Towards Semantic Access and Interoperability in Digital Dialectal Atlases. A Case Study
Proceedings of the First Workshop on Dialects in NLP — A Resource Perspective
Abstract
The increasing digital availability of dialectal atlases has significantly enhanced access to dialectal data and their potential for linguistic and cultural studies. However, despite their richness, such resources often remain difficult to integrate into contemporary data-driven research workflows, due to complex data structures and limitated interoperability. Most digital dialectal atlases still rely on traditional access models centered on maps, offering only implicit and coarse-grained semantic structures, which limits concept-based exploration and potential for integration with other linguistic resources in the Linguistic Linked Open Data (LLOD) ecosystem. This paper presents a case study carried out on the Atlante Lessicale Toscano (ALT), aimed at addressing these limitations through the introduction of an explicit semantic layer designed to support both user-oriented exploration and machine-actionable interoperability.
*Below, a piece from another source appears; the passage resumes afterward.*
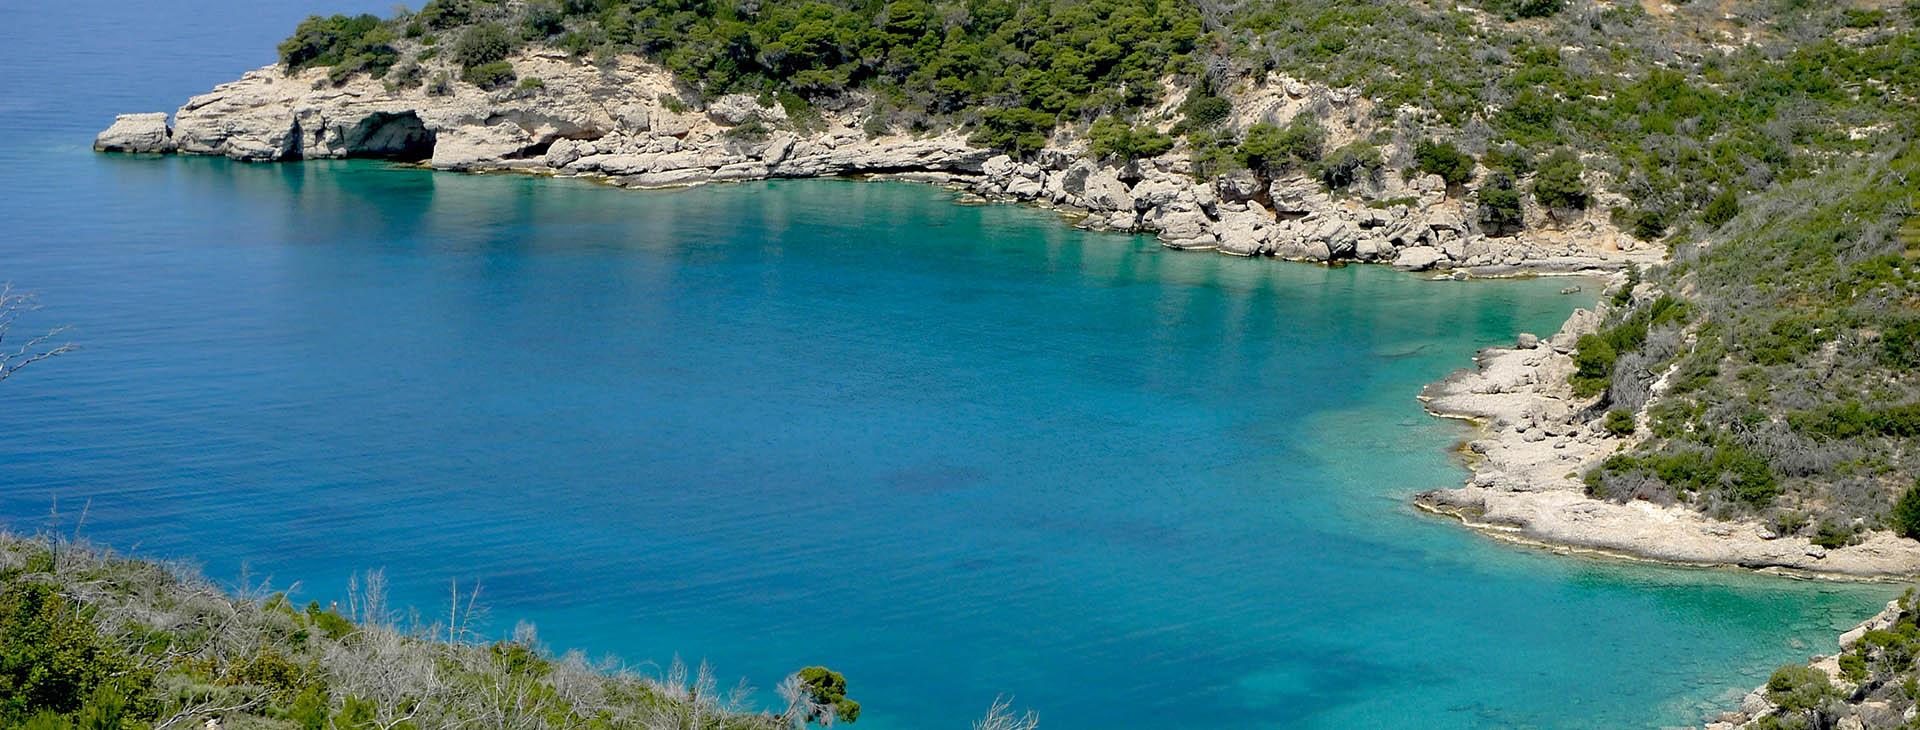 Beach at Spetses island
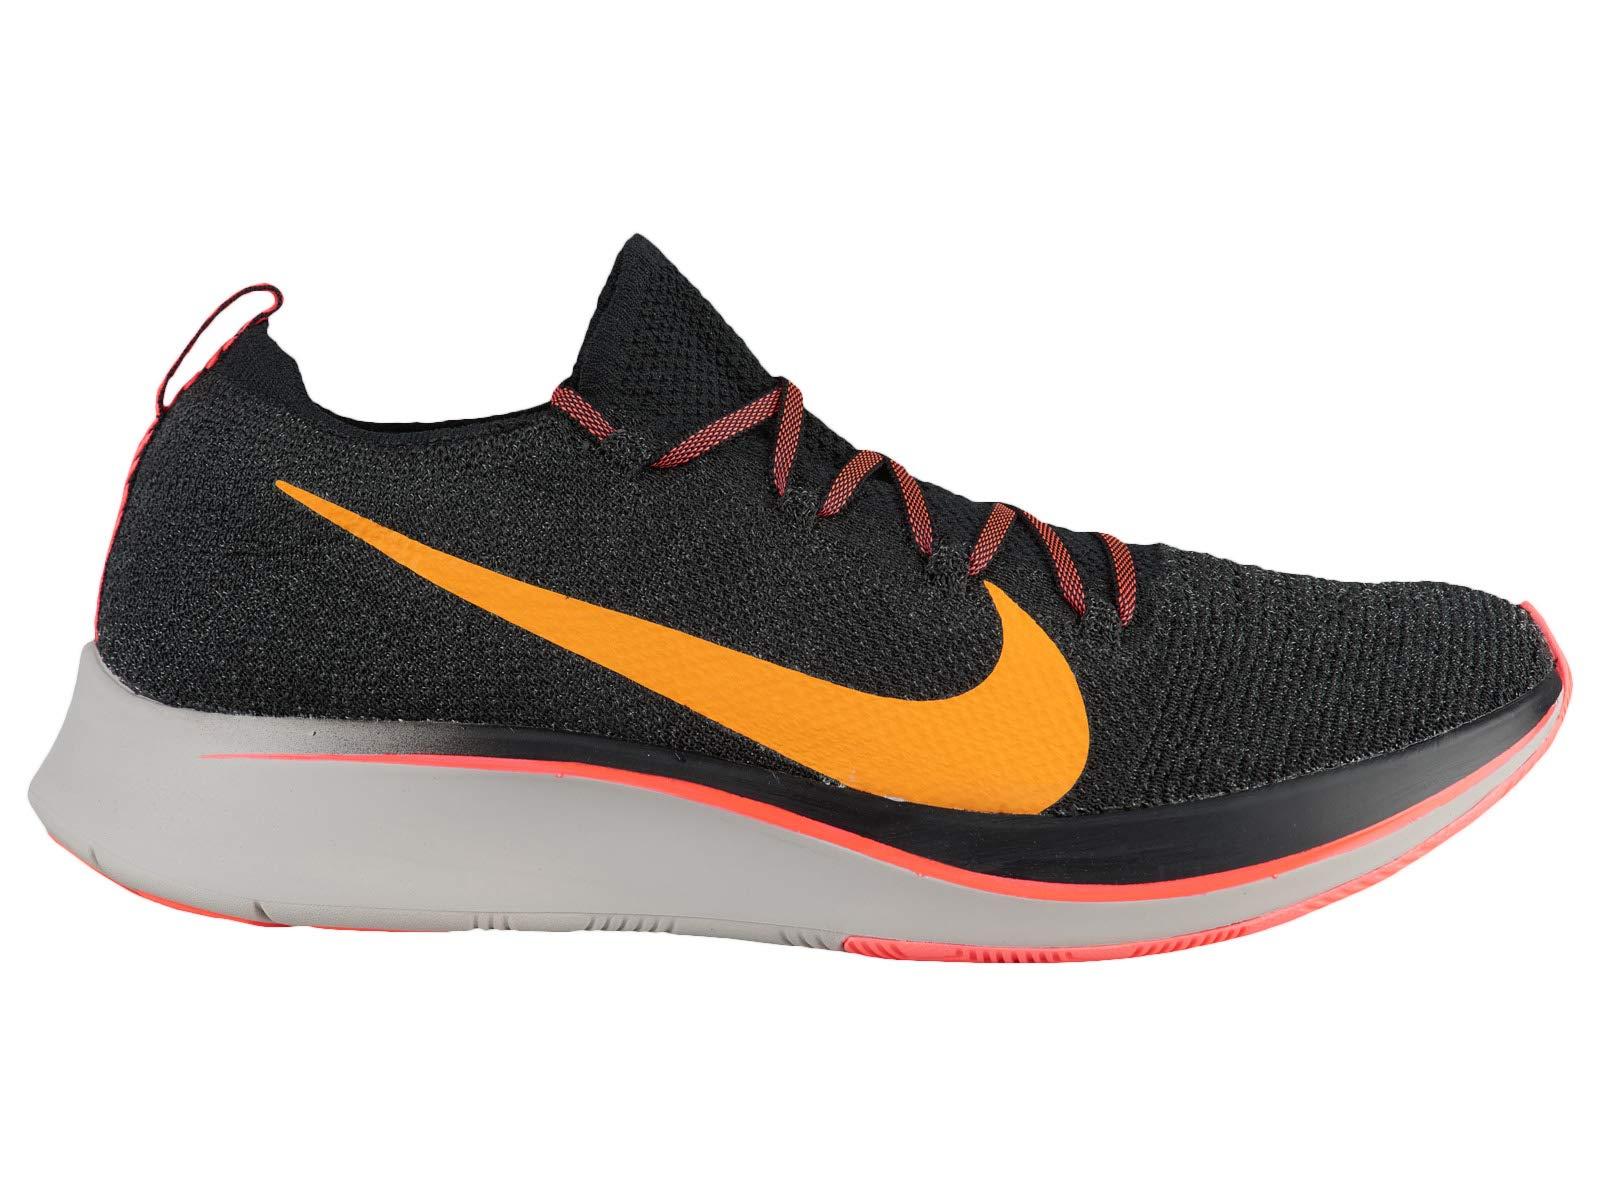 Nike Men's Zoom Fly Flyknit Black/Flash Crimson/Orange Peel Nylon Running Shoes 6.5 M US

While ALT already provides a conceptual organization of dialectal materials, this structure was originally conceived for human navigation and not for integration with other computational lexical-semantic resources. To bridge this gap, we align ALT concepts with ItalWordNet, leveraging its synset-based model as a widely adopted semantic backbone in NLP and LLOD infrastructures. The case study focuses on the domain of agriculture, whose historically grounded conceptual distinctions are often underrepresented in general-purpose lexical resources. The paper proposes a mapping strategy, analyzes coverage and mismatch patterns, and releases a new aligned resource mapping ALT agricultural concepts to ItalWordNet, thereby creating the prerequisites for interoperability and reusability of dialectal atlas data.